Accurate forecasting of the System Marginal Price (SMP) serves as a cornerstone for efficient power market operations and grid stability. However, the critical challenge in this domain stems from the intrinsic non-linearity and non-stationarity of the price signals themselves. Unlike typical financial time-series, SMP data exhibits abrupt structural changes, high-frequency volatility, and heavy-tailed distributions driven by dynamic bidding strategies and the intermittency of renewable energy. Consequently, traditional modeling approaches that rely on stationarity assumptions are often insufficient to adapt to these stochastic behaviors. Therefore, there is an imperative need to move beyond simple trend estimation and develop robust architectures capable of capturing the complex, time-varying dynamics inherent in power market data[1][2].

Conventional statistical models, such as Auto Regressive Integrated Moving Average (ARIMA), have long served as the standard for time series forecasting. However, due to their linear assumptions, these models are often inadequate for capturing the high volatility and complex non-linear dynamics of power trading prices. Deep learning architectures, notably Long Short-Term Memory (LSTM), have shown significant improvements in handling temporal dependencies[3]. Nevertheless, LSTM models remain susceptible to the time-lag phenomenon, where predictions exhibit a phase delay by simply following the previous time step's value. Consequently, these models often fail to promptly anticipate sudden spikes or structural changes in the market.

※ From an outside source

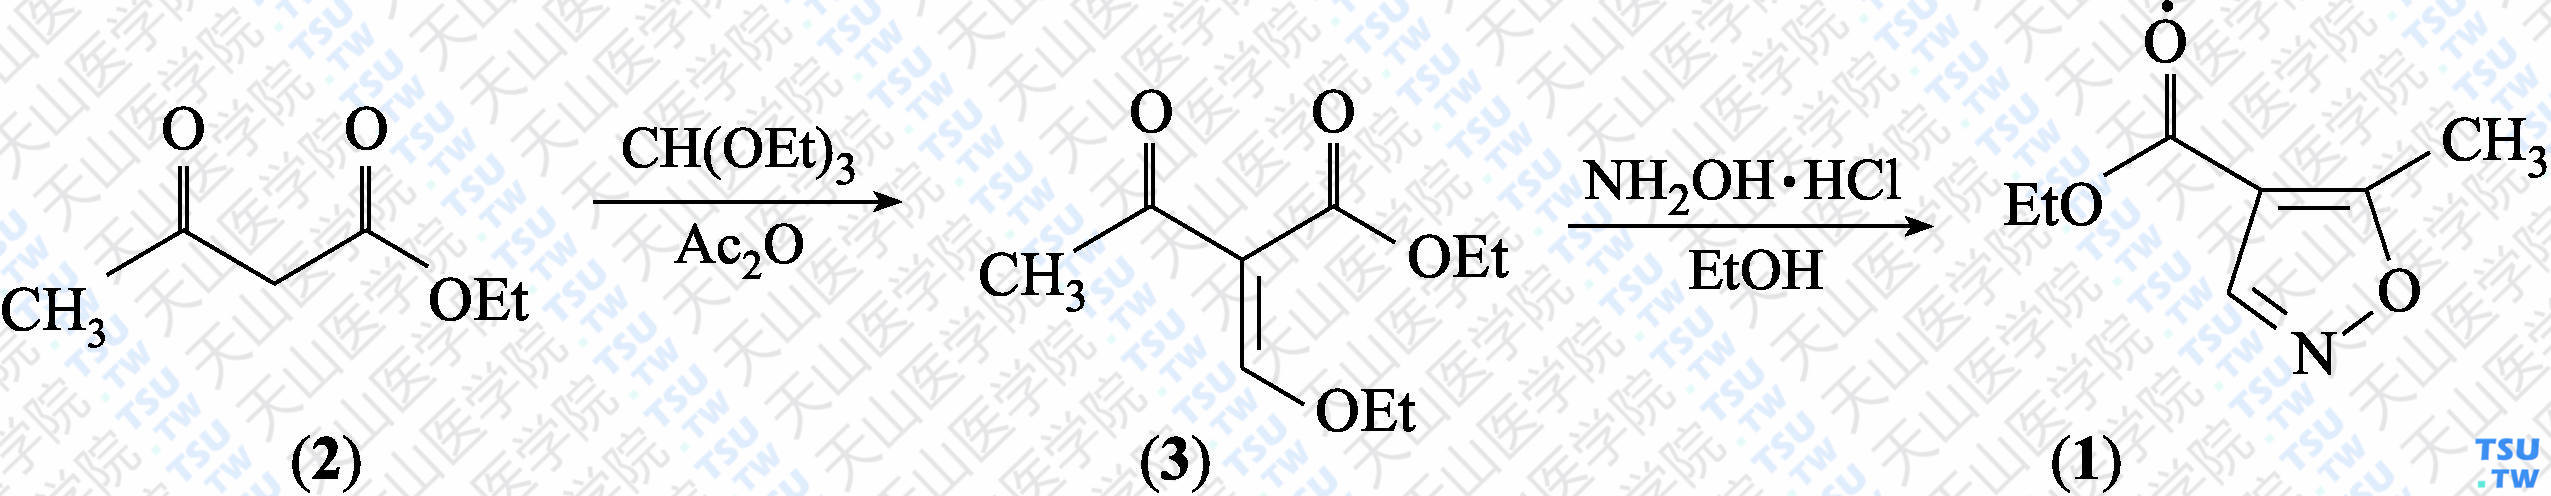 5-甲基-4-异噁唑甲酸乙酯（分子式：C<sub>7</sub>H<sub>9</sub>NO<sub>3</sub>）的合成方法路线及其结构式
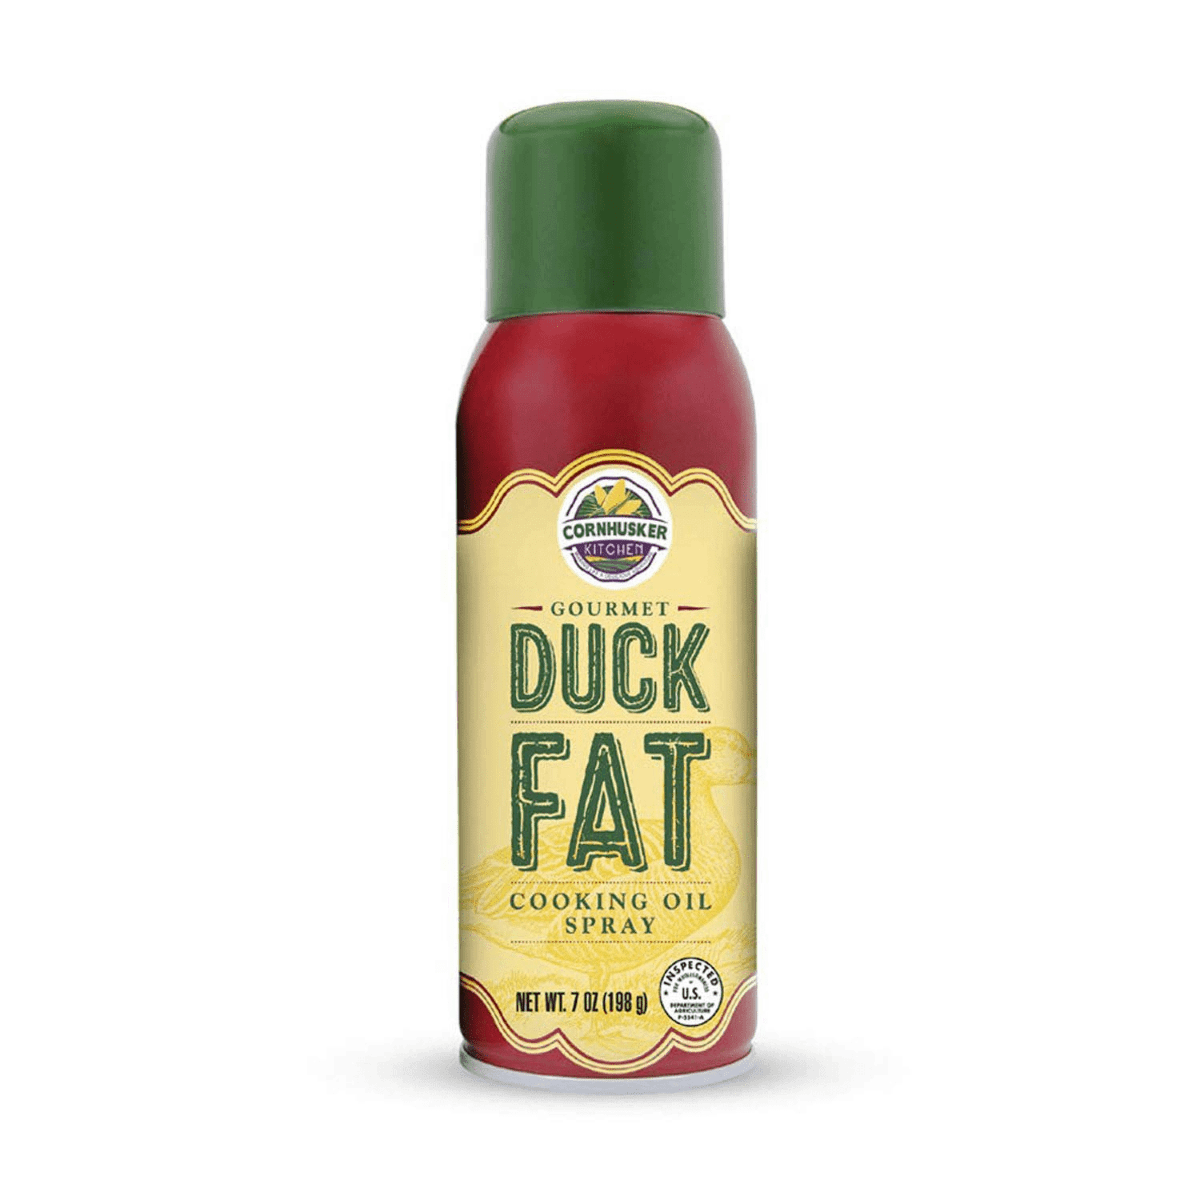 Cornhuskers Gourmet Oils & Vinegar Cornhusker Gourmet Duck Fat Cooking Oil Spray 7 oz

To overcome these limitations, this study proposes a novel hybrid forecasting model that integrates an LSTM-GRU ensemble with an XGBoost-based residual correction strategy. Unlike recent approaches that rely on increasing architectural complexity such as Transformers or deep feature fusion models to improve prediction accuracy, our method focuses on explicitly modeling the non-linear residual errors that deep learning models fail to capture. Through comprehensive experiments, we demonstrate that the proposed model significantly outperforms not only traditional time series models but also complex deep learning architectures, offering a more efficient and accurate solution for forecasting high-volatility and non-stationary time series.

The proposed model operates in a sequential two-stage process. In the first stage, a parallel ensemble of LSTM and Gated Recurrent Unit (GRU) networks predicts the global trend of the power trading price. A key feature of this architecture is the parallel composition based on SMP temporal characteristics, where the outputs are integrated via simple averaging. This averaging mechanism serves to reduce model variance and ensure stable trend detection. In the second stage, an XGBoost regressor captures the non-linear error patterns (residuals) generated by the base ensemble to refine the final output. This residual correction approach enables the model to effectively compensate for the prediction delays inherent in deep learning base model, thereby enhancing the overall prediction performance.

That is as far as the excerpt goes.